The film The Imitation Game has helped a wider audience understand the genius of Alan Turing and the important role he played in the development of computing and artificial intelligence. Turing is the father of the computer science, no less.
But as well as his work on the Turing Machine and Enigma, he is rightly famed for devising the Turing test to determine if a computer is intelligent. It is a simple idea. Can you tell if you are talking to a computer or a human? If the computer fools you into thinking it’s a person, then it must be intelligent.
In 2014, the Turing test was passed for the first time. But instead of celebrating another AI milestone, attention focused on the test. Is it the best test for artificial intelligence? New Scientist ran an article proposing the Lovelace 2.0 test as a better way of determining intelligence. This is named after another British pioneer of computer science, Ada Lovelace.
The Lovelace test works on the basis that creativity requires intelligence, so a computer is asked to create something, such as draw a Dalek surfing the waves at Westward Ho!, or tell a story about why Ken Dodd is at the airport with a suitcase not full of cash. This is repeated with increasingly difficult requests until the computer is judged to have failed. The result is a comparative score rather than a pass/fail.
Both these tests are trying to determine if a computer is intelligent. But defining intelligence is very difficult and experts continue to argue about whether current theories and tests reflect the important characteristics of intelligence.
What both these tests do instead is to look for proxy indicators from which you could infer the presence of intelligence.
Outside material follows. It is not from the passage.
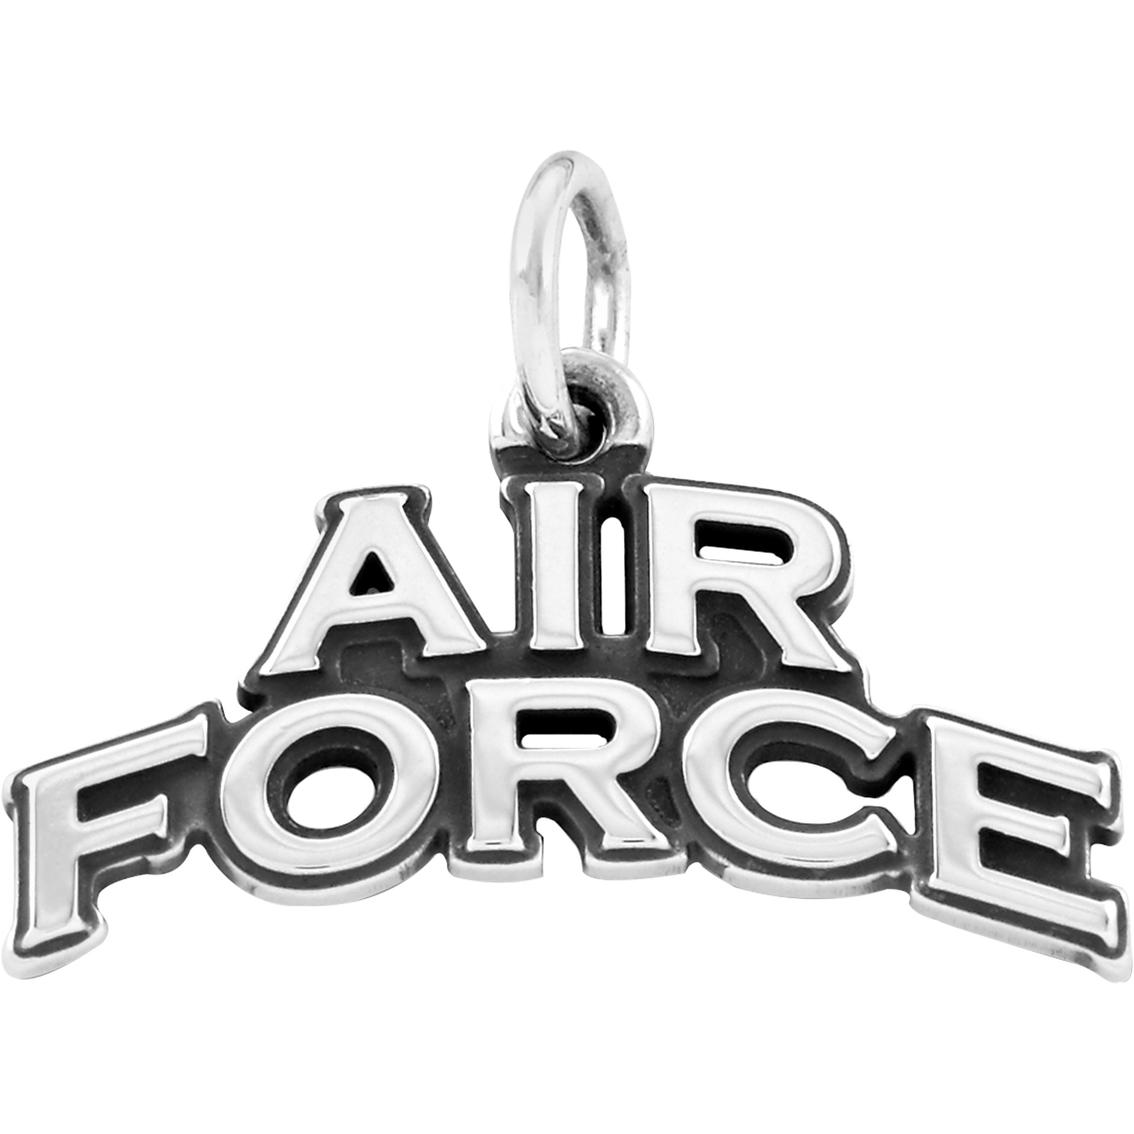 Military Charm Service Charm Pendant Charms Air Force Charm Military Charm U.S

Looking for proxy indicators is theoretically imperfect but there are other situations where this pragmatic approach to testing works rather well. For example, if it is difficult to measure the characteristic for which you are testing, or if the answer to the proposed test can't be known in advance. Many systems that analyse big data, where the exact dataset or the real world conditions are not known, fit this bill. Day by day, we can’t be certain that the process we have performed has produced the outcome we desired because we don’t know what that outcome should be.
The most popular approach to finding out if the service provides the right answers is to test predominately with a known set of data to show the desired behaviour because you can work out the answer if you know the inputs. However, this only provides confidence that the system works with this artificial data, and the data rarely represents the variety of conditions of its real world data counterparts.
It is better to test with real data sets and devise tests that either show definitively that the system doesn't work or provide us with a defined level of confidence that the process has worked, although there is a measured chance that it hasn’t. You can’t be 100 per cent certain if you’ve passed, but you know if you’ve failed. This is similar to checking if a number is prime using a primality test based on Fermat’s Little Theorem. It’s possible to be certain that a number is not a prime but not that it definitely is a prime.
We also might make intelligent assumptions and build a model to provide guidelines for what good enough will look like in the outcome. Or we may run some trials and extrapolate from the data samples they collect to create expected results. Or we may do both and correlate success in creating one successful answer with the likelihood of seeing successes elsewhere. The extrapolation approach is common and often appropriate in non-functional testing, such as performance testing (always taking care that the extrapolation is not built on a false assumption).
You don’t need to be a genius like Turing or Lovelace to devise such tests but they do require more thought, skill and technique. Before you let that put you off this approach, you can be sure that the cost and effort involved in deriving the right test is much less than that of executing many tests that create a false sense of confidence.
In the case of artificial intelligence tests, even if the Lovelace test supplants the Turing test, the latter lives on across the internet. Those annoying little security tests that ask you to type in a distorted word, or number, are called CAPTCHA: Completely Automated Public Turing test to tell Computers and Humans Apart.